Ridenour and Rutz initially began moving the plan forward last August. Ridenour said the city paid Rutz to recruit only about five people, though he felt the number could grow from there. According to a Dec. 8, 2021, press release from Tony Sandleben, communications director for the City of Muncie, “The city and the state are working together to fund this project” with both contributing $250,000 to the program.
Rutz said Ball State is a primary factor that could be attractive to remote workers looking to move to Muncie. To Rutz, the university means nightlife, restaurants, athletic events, a public library and a public recreation center — all things that could draw people to Muncie. Aside from Ball State, Rutz also cited Muncie’s trail systems, such as Cardinal Greenway and the downtown area.
Ridenour said a large factor that could attract workers to Muncie is its low cost of living which, according to Payscale, is 9 percent lower than the national average. Hollowell said the relative affordability of life in Muncie was part of the reason she decided to stay in the area after she graduated. However, Hicks said living costs often aren’t enough to convince people to move to cities like Muncie.
According to a 2022 Brookings Institute study that Hicks co-authored, quality of life improvements like recreation opportunities, cultural activities and services, like schools and transportation options, are some of the highest contributors to economic and population growth.
“When you judge Muncie’s likelihood of attracting footloose workers … you would have to say, ‘How does Muncie do in terms of its quality of life?’” Hicks said. “With respect to those factors, do we have schools that are in the top third in the country? Do we have blight that is bottom third of the country? Do we have health care outcomes that are top third of the country? And the answer to all those questions is, obviously, ‘No.’”
Making Muncie an attractive destination for remote workers, he said, “is a difficult business.”
“There will be individuals who will appear — there’s no doubt — but in terms of Muncie ever being a significant participant in remote work? That’s going to depend upon the ability of the city to make quality of life improvements,” Hicks said.
However, Rutz said he believes moving remote workers to Muncie is a way to solve the problems Hicks cited.
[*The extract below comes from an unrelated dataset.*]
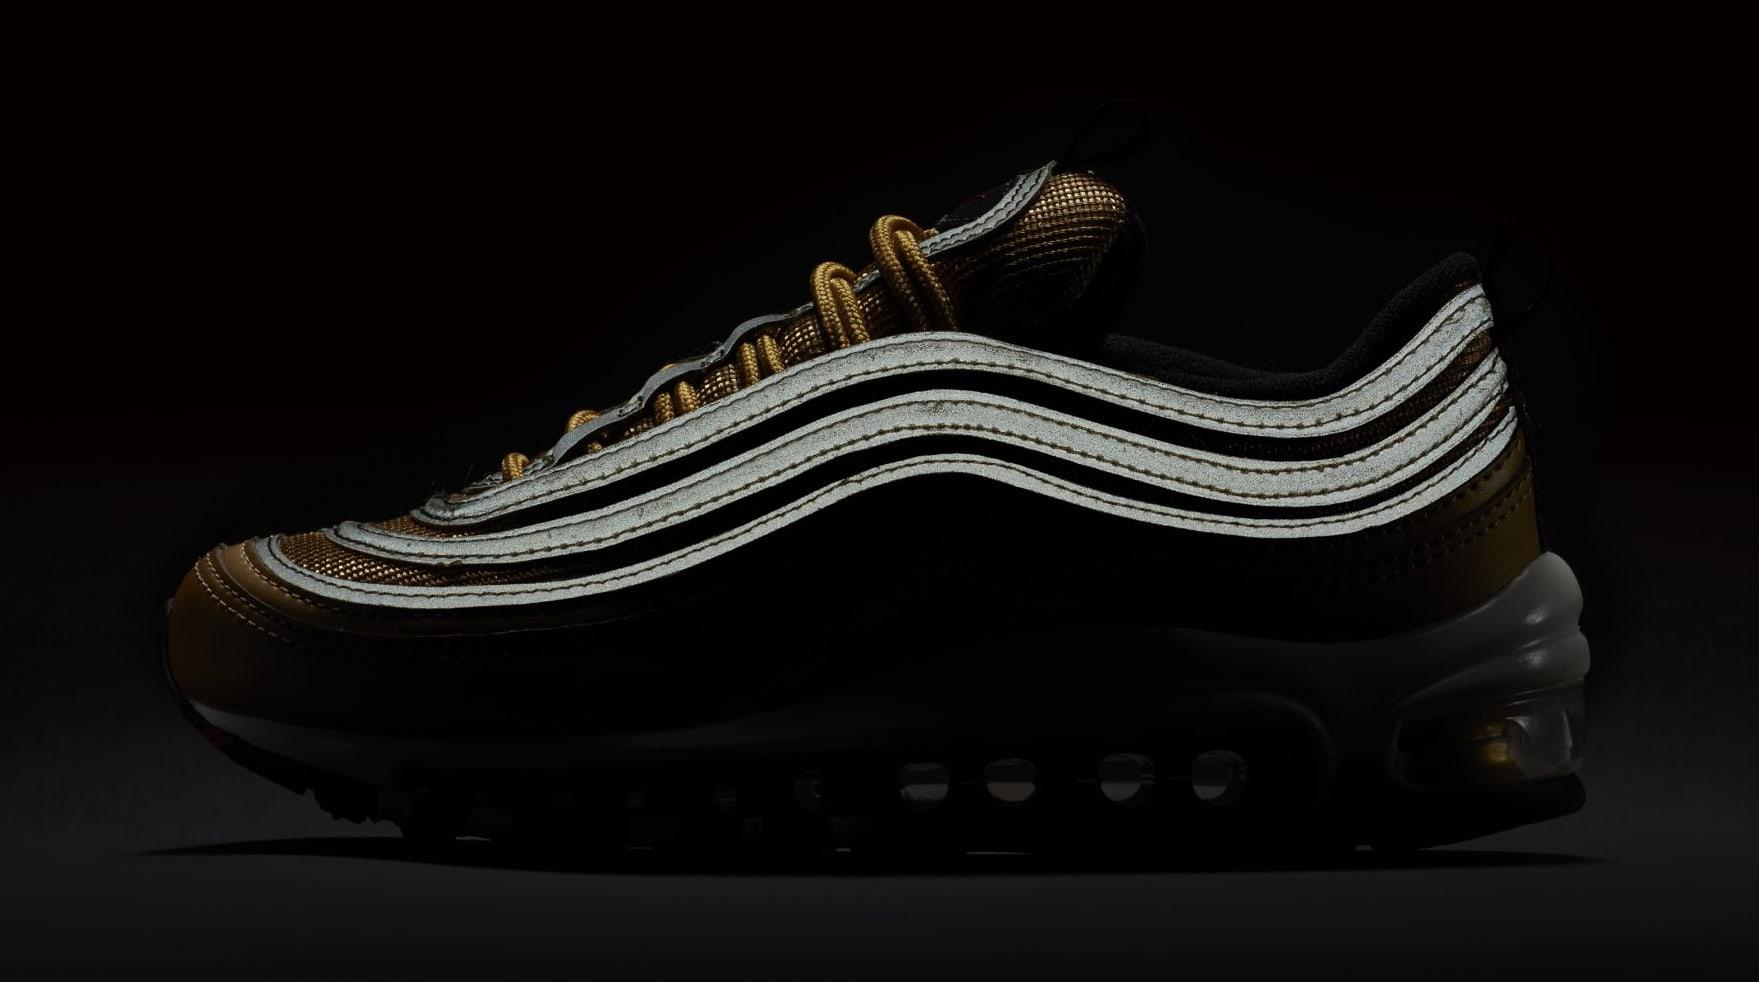 Sneakers Nike Air Max 97 Kendrick Lamar in Loyalty ft Rihanna ab808d9ff

According to a 2021 study from Upwork, in the next five years, an expected 40.7 million Americans will work fully remotely. Rutz said, of these 40.7 million workers, MakeMyMove can find some to move to Muncie.
“For Dr. Hicks, I understand, yes, there’s blight there, and there’s things that need to be corrected and they cost money,” Rutz said. “But guess what? Every worker that we bring generates revenue for the city, and guess what that revenue can be used for? To make improvements to the city.”
For Hollowell, the reason she stayed in Muncie ultimately comes down to its feeling of home. Unlike many of her friends from high school and college, Hollowell said she likes living in Indiana. It’s where both her and her boyfriend, Ian Holt, are from, and it’s where she enjoys time with her three cats — Carlos, Podrick and Rudy — as she writes.
“The Midwest kind of has that homey sort of feel, where you kind of just … set down roots and stay,” Hollowell said. “So maybe it just attracts people who like to just stay home.”